I know this. I still struggle with it.

For the most part I manage to work around it, or ignore it, but it still informs a whole helluva lot of my daily life. Like making sure that whatever I said last to someone is something I can live with if they die. I’m not talking Celine Dion singing in the background whilst clinging to a life raft as the titanic sinks level farewells :wtf: But every goodbye, bedtime, hell... leaving the motherf*cking room... whether it’s words, waves, a kiss, laugh, smile, or wink; it’s something that if I never saw them again I can remember and be okay with. It has to be.

There are a lot of moving pieces to this f*cker & It creates a lot of problems.

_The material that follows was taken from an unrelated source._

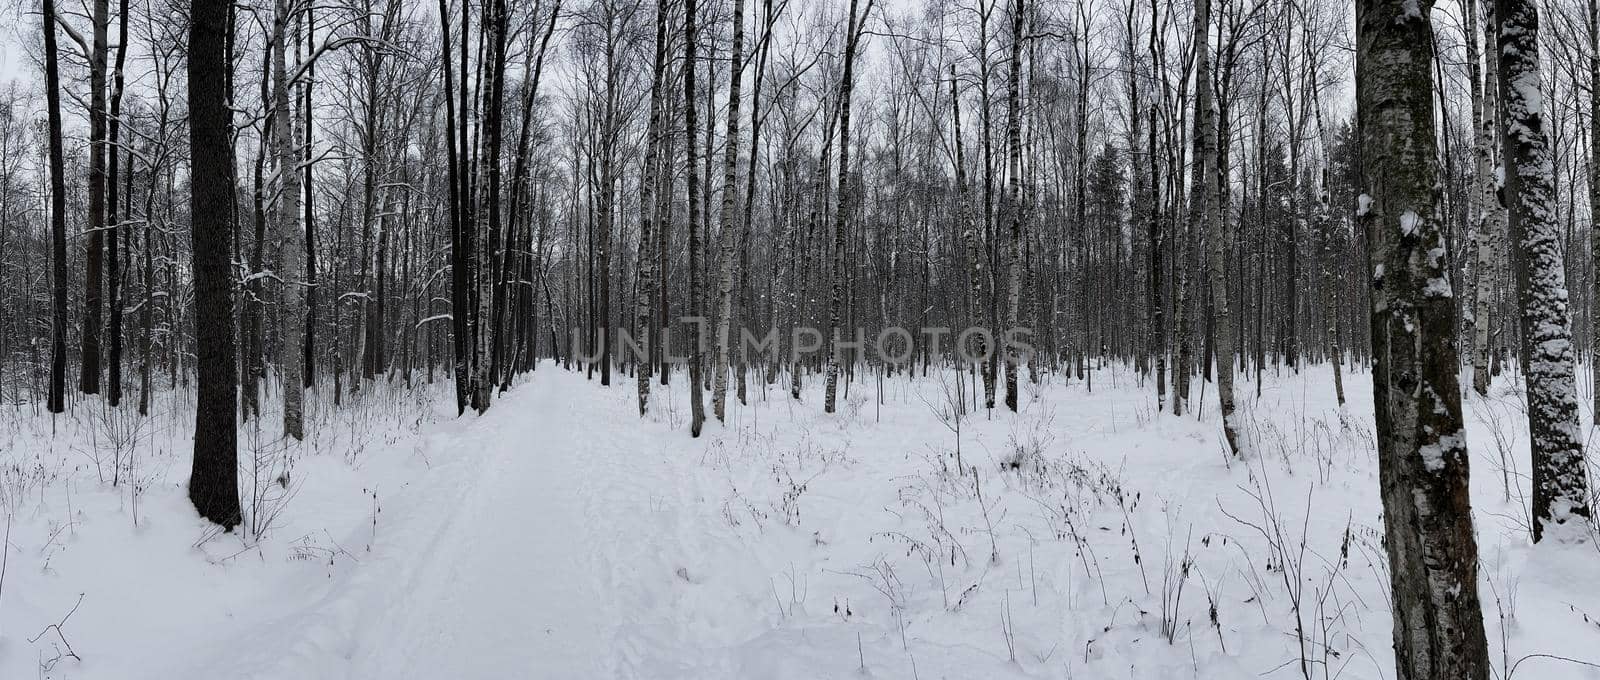 Panoramic image of snow-covered empty forest, black and white birch trunks and other trees, no one in the park, peace and tranquility by vladimirdrozdin

Right now, I’m in crushing guilt. Because I had a headache. So instead of going for a walk & quick game with my kid, I needed to lay down. Need is overstating. It wasnt that bad of a headache. I wanted to lay down. He’s happy playing with his friends, but disappointed we didn’t get to play. If my son dies tomorrow? This is what I’ll remember. Me being too motherf*cking lazy to suck up a headache and go play basketball, and him being disappointed. Out f*cking standing. Just shoot me now.

See what I mean about creating problems? From a headache to a dead kid and suicide between one breath and the next. Because that progression makes sense. :banghead:

Anyone else deal with this kind of thing? Tips / tricks / workarounds?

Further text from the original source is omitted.